▸ **Your objective**: From the records below, please print only the lines from the one containing "Bathrobe Sultan Kimono - Dusty Rose" through the one containing "Ralph Lauren White", both included. Skip the pictures.

▸ **Extracted entries**:
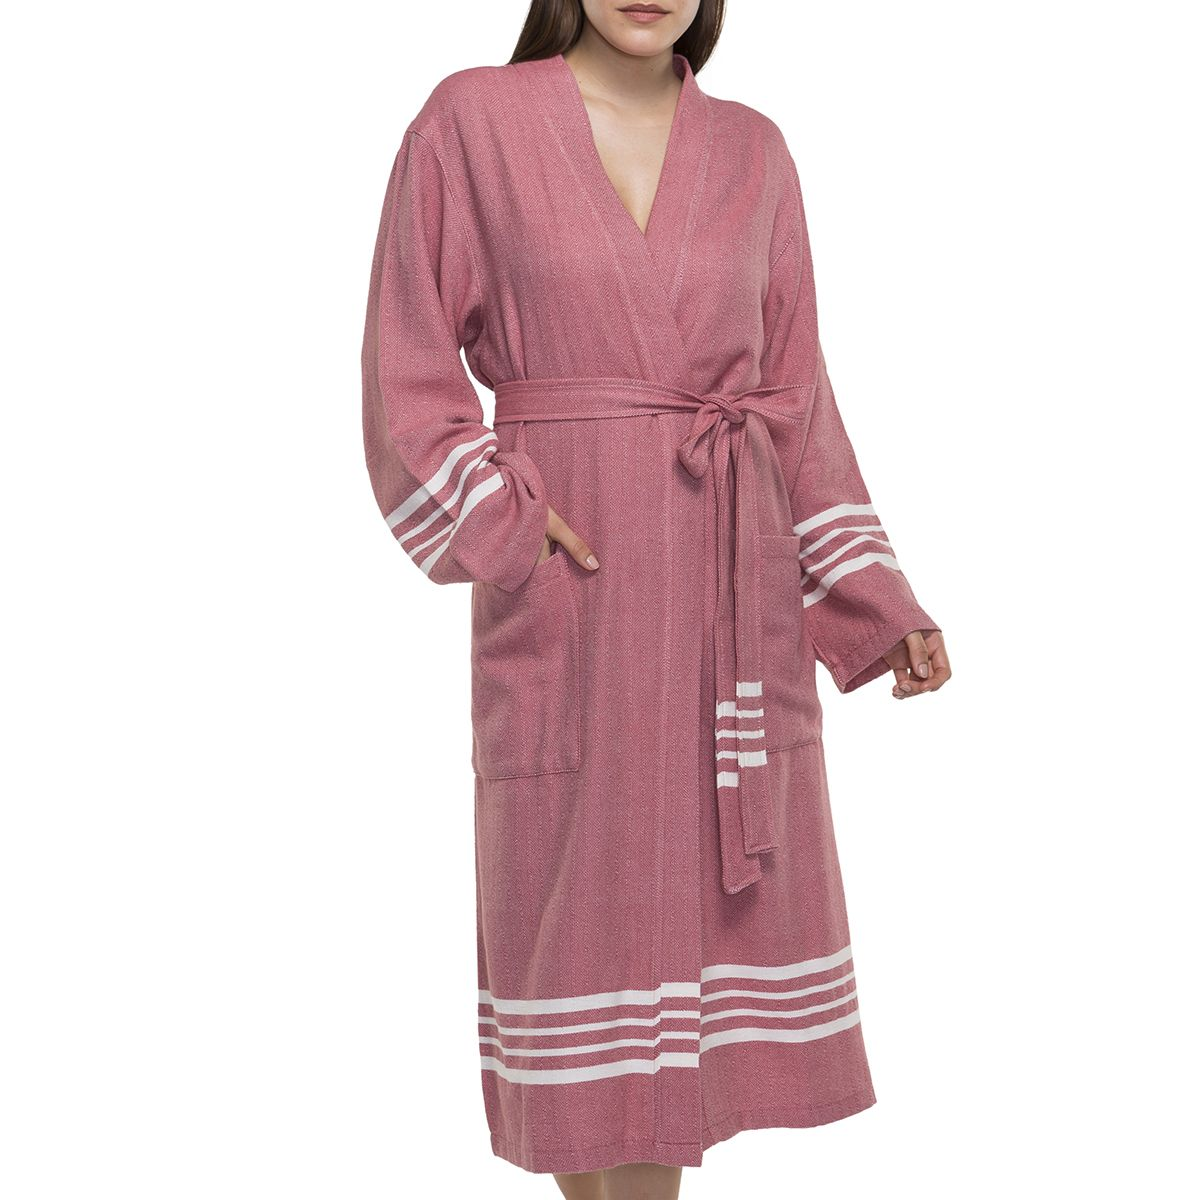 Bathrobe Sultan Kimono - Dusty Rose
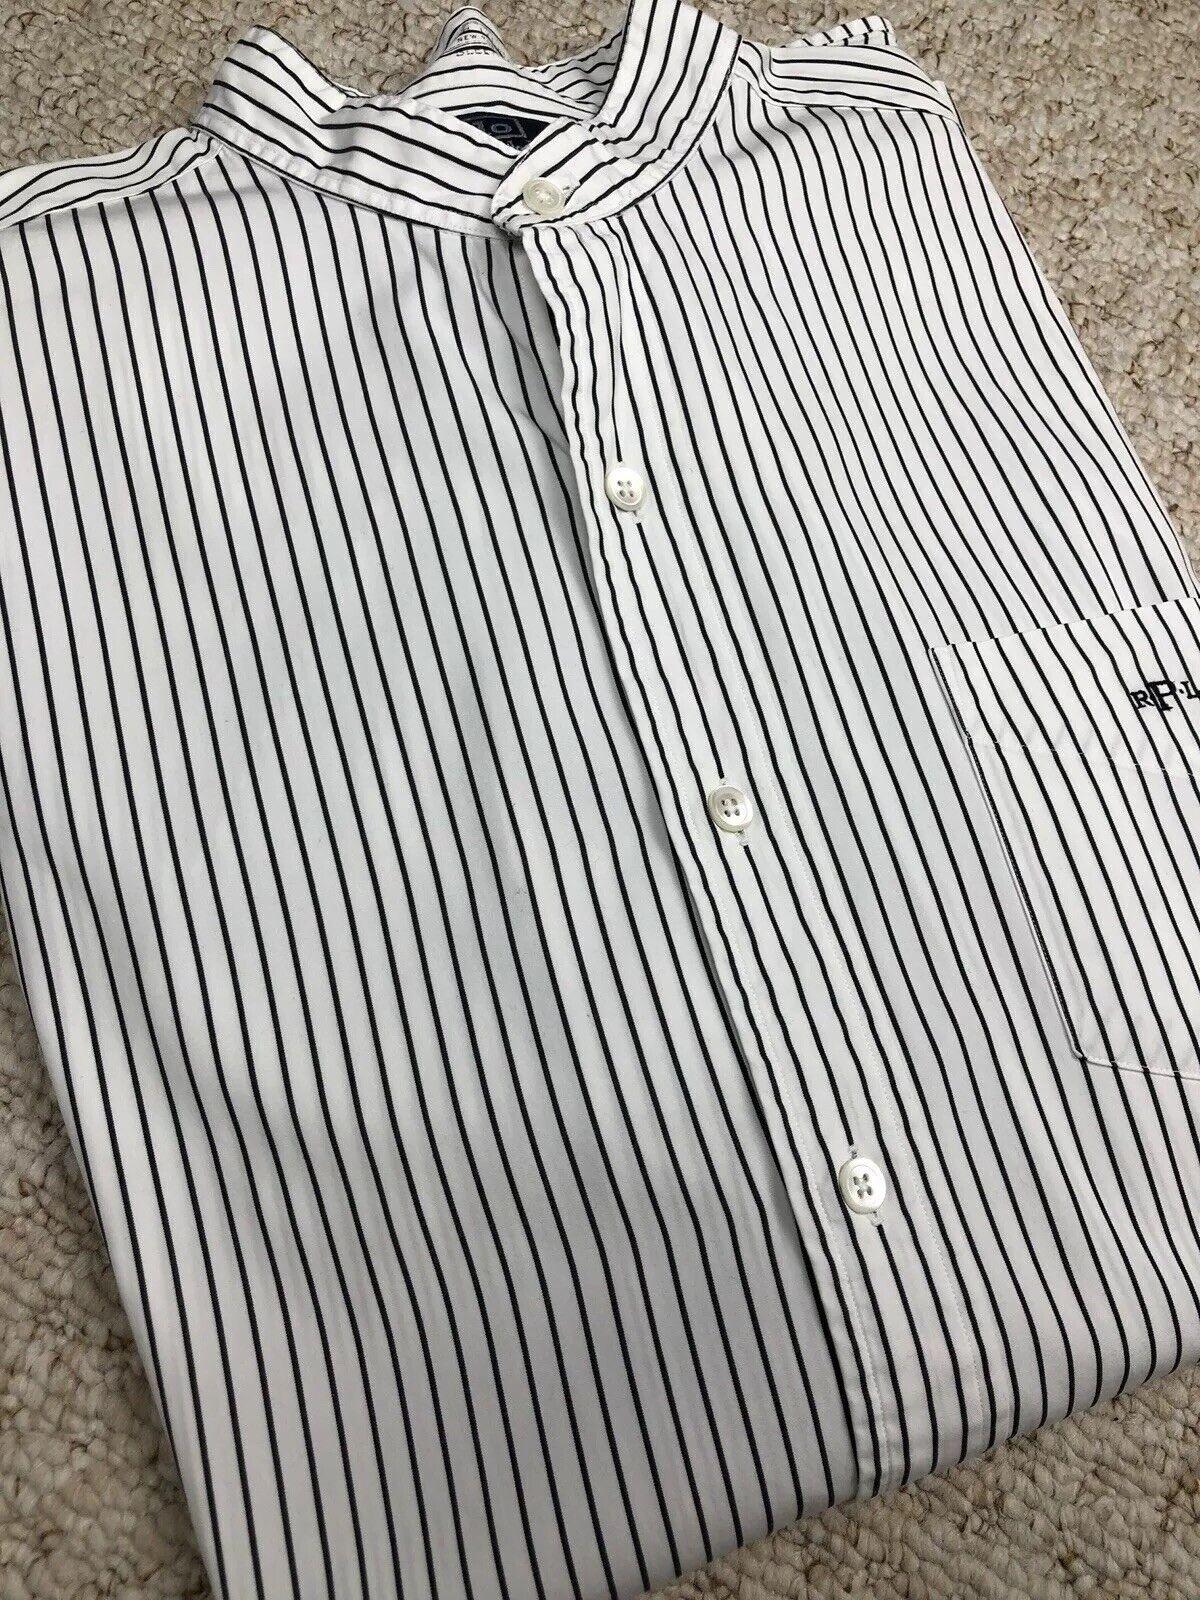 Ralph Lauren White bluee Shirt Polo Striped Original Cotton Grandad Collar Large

==

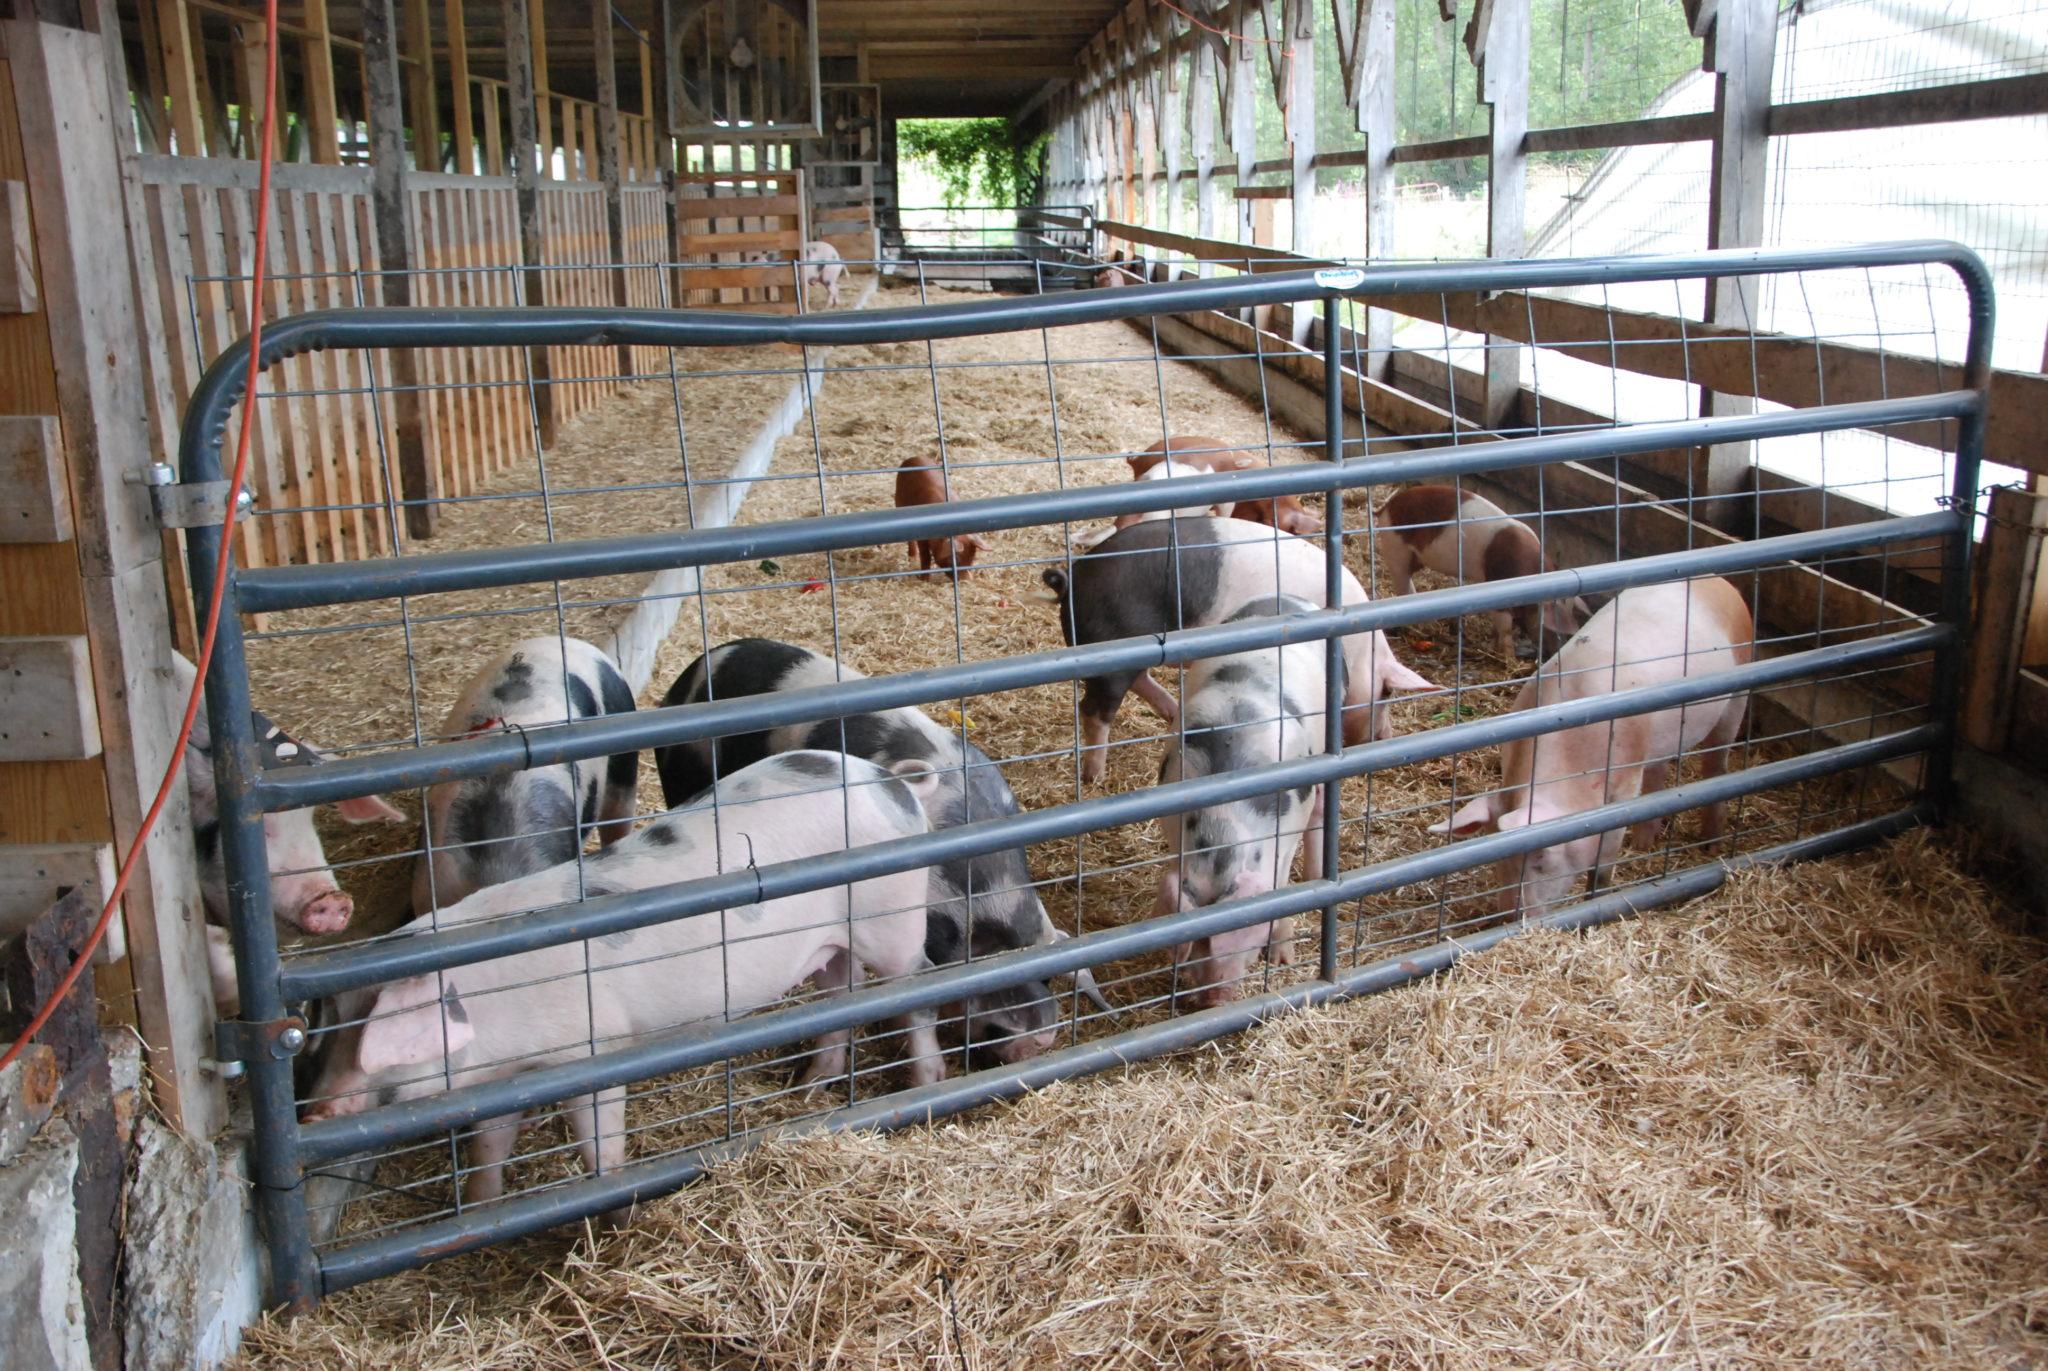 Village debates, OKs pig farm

▸ **Answer for this exercise**:
 Bathrobe Sultan Kimono - Dusty Rose
 Ralph Lauren White bluee Shirt Polo Striped Original Cotton Grandad Collar Large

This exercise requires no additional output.